Murray, in his reconstitution of the same novel, refers to Houellebecq’s protagonist as an occasional artist who strikes it rich. This ignores so much of the detached and elevated, almost transcendent nature of how Houellebecq writes about Martin’s photographing of household objects and, latterly, road maps. It is profound in its lack of profundity; literary art filling the void in meaning left by the photographic art described.

Whatever, a first novel of surprising and sparse bitterness, we can perhaps dismiss as a morose statement: it’s pared down to the point of brutality. It spawned a movement of depressives, which soon went so far as to disown Houellebecq himself.

But Atomised, a later effort, is beautiful. Even Platform, with its grotesque description of a tourist utopia forged by little more than sanitising the image of a foreign sex industry, has moments of beauty.

What saves all these works from being dull procedurals is not just prose and emotion, but hints of sentimentality.

Houellebecq’s heroes love transiently but in real terms. Things never quite work out, but they try their best and are crushed when things do not end as happily as sentiment suggests they might. Houellebecq’s characters believe also in the possibility of that love surviving, beyond the frailties of their bodies.

And so, it seems, does the author. And despite the death of god, which Houellebecq acknowledges in Submission most notably, there are consolations. Consolations of the flesh, certainly. But also of philosophy.

In The Possibility of an Island, Daniel (a comedian who grows rich and successful until he tires of other people’s laughter) and a beautiful girl – who delights and then ditches him – separately join a cult. This is sinister and drenched in irony; but it represents something else: the attempt to make life mean something, not just to extend individual existence.

A later, augmented version of Daniel (operating in the far future) even escapes the confines of his life-sustaining barbed-wire-covered compound to venture across the torn remnants of Europe to find an Eden in which he can die.
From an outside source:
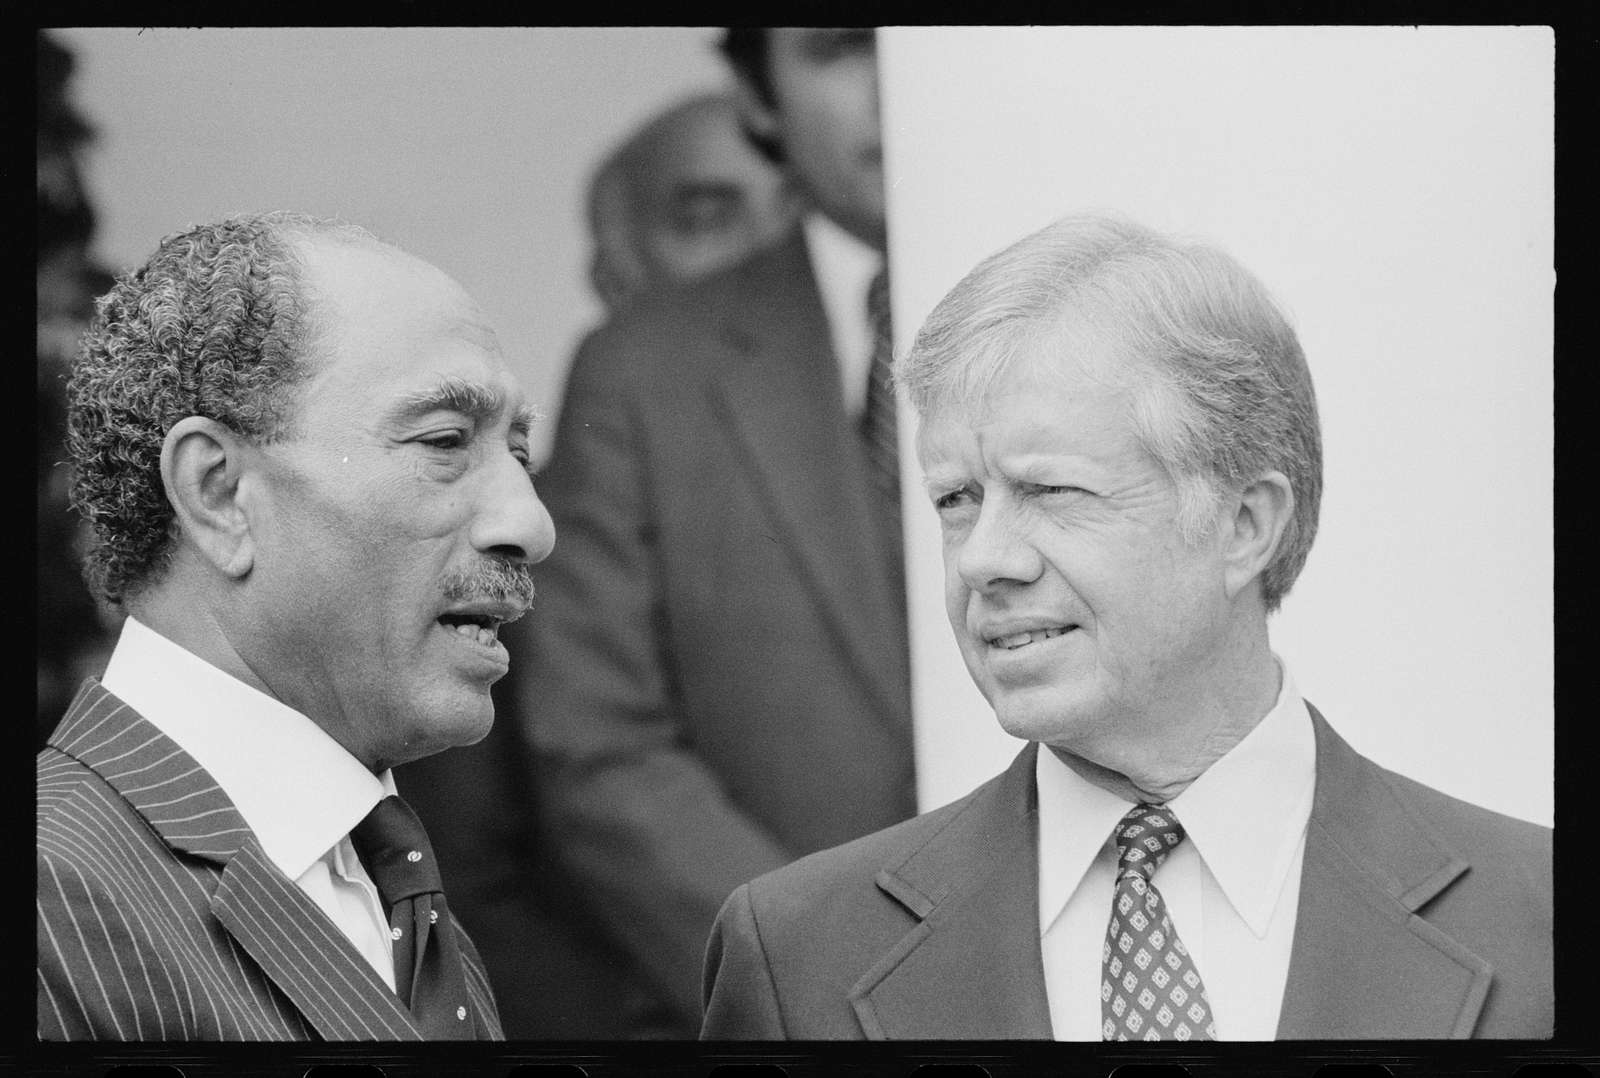 [President Jimmy Carter welcomes Egyptian President Anwar Sadat at the White House, Washington, D.C.]

In Atomised, another character Michel (a scientist and one of a pair of tragic brothers) succeeds in advancing the nature of humanity itself. Reminiscent of Ian McEwan’s writing about the ethereal elegance of complex neural surgery in Saturday, Houellebecq’s description of the beauty of Michel’s breakthrough inspires awe.

Houellebecq has been misunderstood and has cultivated that misunderstanding through provocation and self-satire (most notably, and successfully, and amusingly in The Map and the Territory, where he introduces a pitiable version of himself as an incidental character, and then has him brutally murdered).

But to write him off as a bitter reactionary or mere functional chronicler of French and European decline misses the beauty of his work, and the core of romanticism which allows even the darkest of visions – of past and present and future – to have the most slender lustre of foolish hope.

Perhaps there is some value, then, in this writing beyond its skill – and some value in the intellectual culture Houellebecq both repudiates and, to an audience foreign and domestic, seems increasingly to define.